Смирительная рубашка. Когда боги смеются - Лондон Джек 9 стр.


Я лежал с закрытыми глазами, лениво прислушиваясь. До меня доносился стук лошадиных копыт, размеренно шагающих по каменным плитам. Звенело металлом оружие на людях и конская упряжь, и я понял, что какая-то кавалькада движется по улице под моими окнами. И я без всякого интереса подумал, кто бы это мог быть. Откуда-то, точнее, я знал откуда — с постоялого двора — доносился стук копыт и нетерпеливое ржание, в котором я узнал ржание моей лошади, ожидающей меня.

Послышались шаги — как будто осторожные, почтительные и вместе с тем намеренно громкие, с желанием разбудить меня, если я еще сплю. Я внутренне улыбнулся этой шутовской проделке.

— Понс, — приказал я, не открывая глаз, — воды, холодной воды, живо. Я вчера хлебнул лишнего, и теперь мое горло пересохло.

— И спали слишком долго сегодня, — пожурил меня он, подавая мне воду, которую держал уже в руках.

Я сел, открыл глаза и поднес кубок ко рту обеими руками. Утоляя жажду, я смотрел на Понса.

Заметьте две вещи. Я говорил по-французски; я не сознавал, что говорю по-французски. Только потом, вернувшись в одиночку и припоминая то, что я сейчас рассказываю, я вспомнил, что говорил по-французски, и говорил хорошо. Что касается меня, Даррела Стэндинга, в настоящее время пишущего эти строки в отделении для убийц в Фолсемской тюрьме, то я знал только гимназический французский, достаточный лишь для чтения на этом языке. Говорить же я совсем не мог и вряд ли правильно произносил французские слова.

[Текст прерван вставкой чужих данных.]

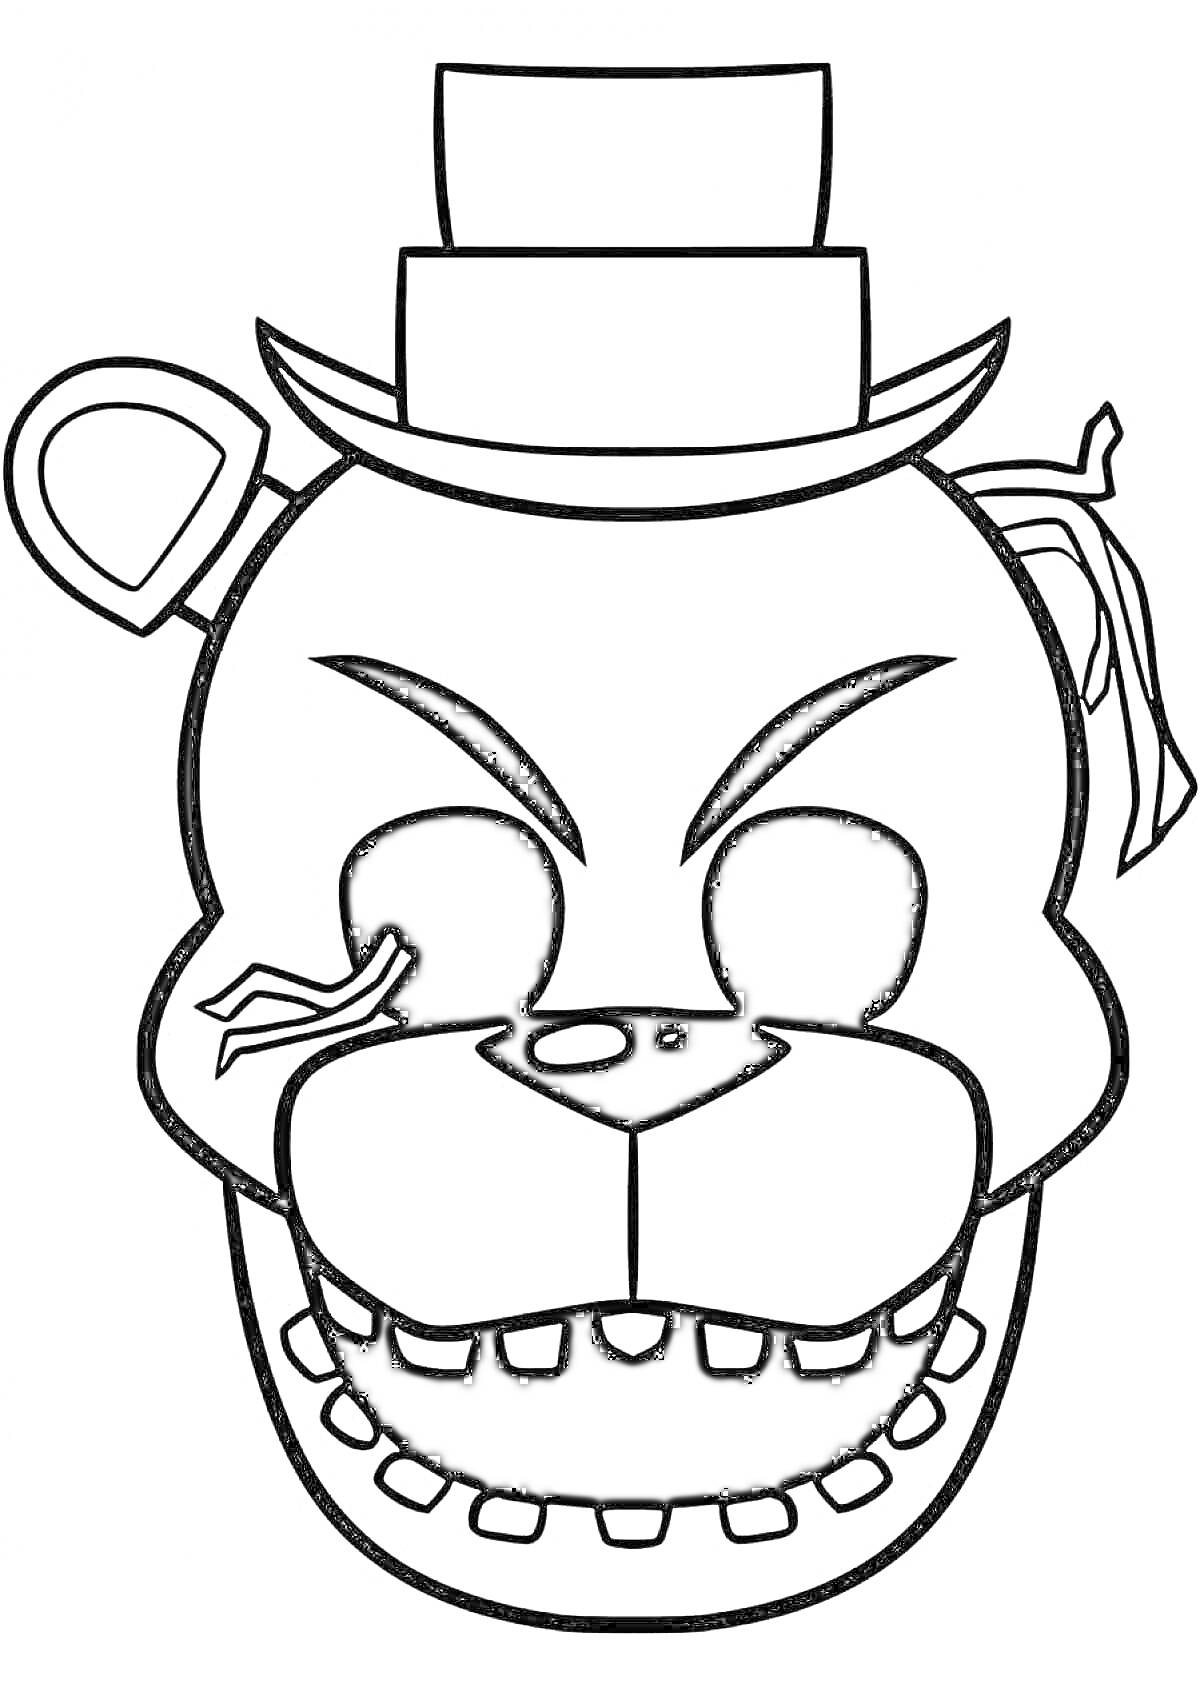 Раскраска Раскраска - лицо аниматроника Фредди с шляпой и повязкой на глазу

Но возвращусь к рассказу. Понс был маленьким, сухим стариком. Он родился в нашем доме — я знаю это, потому что как раз в тот день, который я описываю, об этом было упомянуто. Ему исполнилось шестьдесят лет. У него почти не оставалось зубов; несмотря на заметную хромоту, заставлявшую его ходить вприпрыжку, он был очень проворен и ловок. Притом он был бесстыдно фамильярен; это по той причине, что он прожил в моем доме шестьдесят лет. Он был слугой моего отца еще до того, как я начал ходить, а после смерти отца (Понс и я говорили об этом в тот день) он стал моим слугой. Хромым он стал на поле битвы в Италии, во время кавалерийской атаки. Он вытащил моего отца из-под копыт вражеских лошадей, был ранен в бедро, упал на землю и сам попал под копыта. Мой отец, находившийся в сознании, но беспомощный из-за собственных ран, был свидетелем этого. Таким-то образом Понс приобрел право на наглую фамильярность, по крайней мере, с сыном моего отца.

Понс покачал головой, глядя, как жадно я пью воду.

— Ты слышал, как она закипела? — пошутил я, отдавая пустой кубок.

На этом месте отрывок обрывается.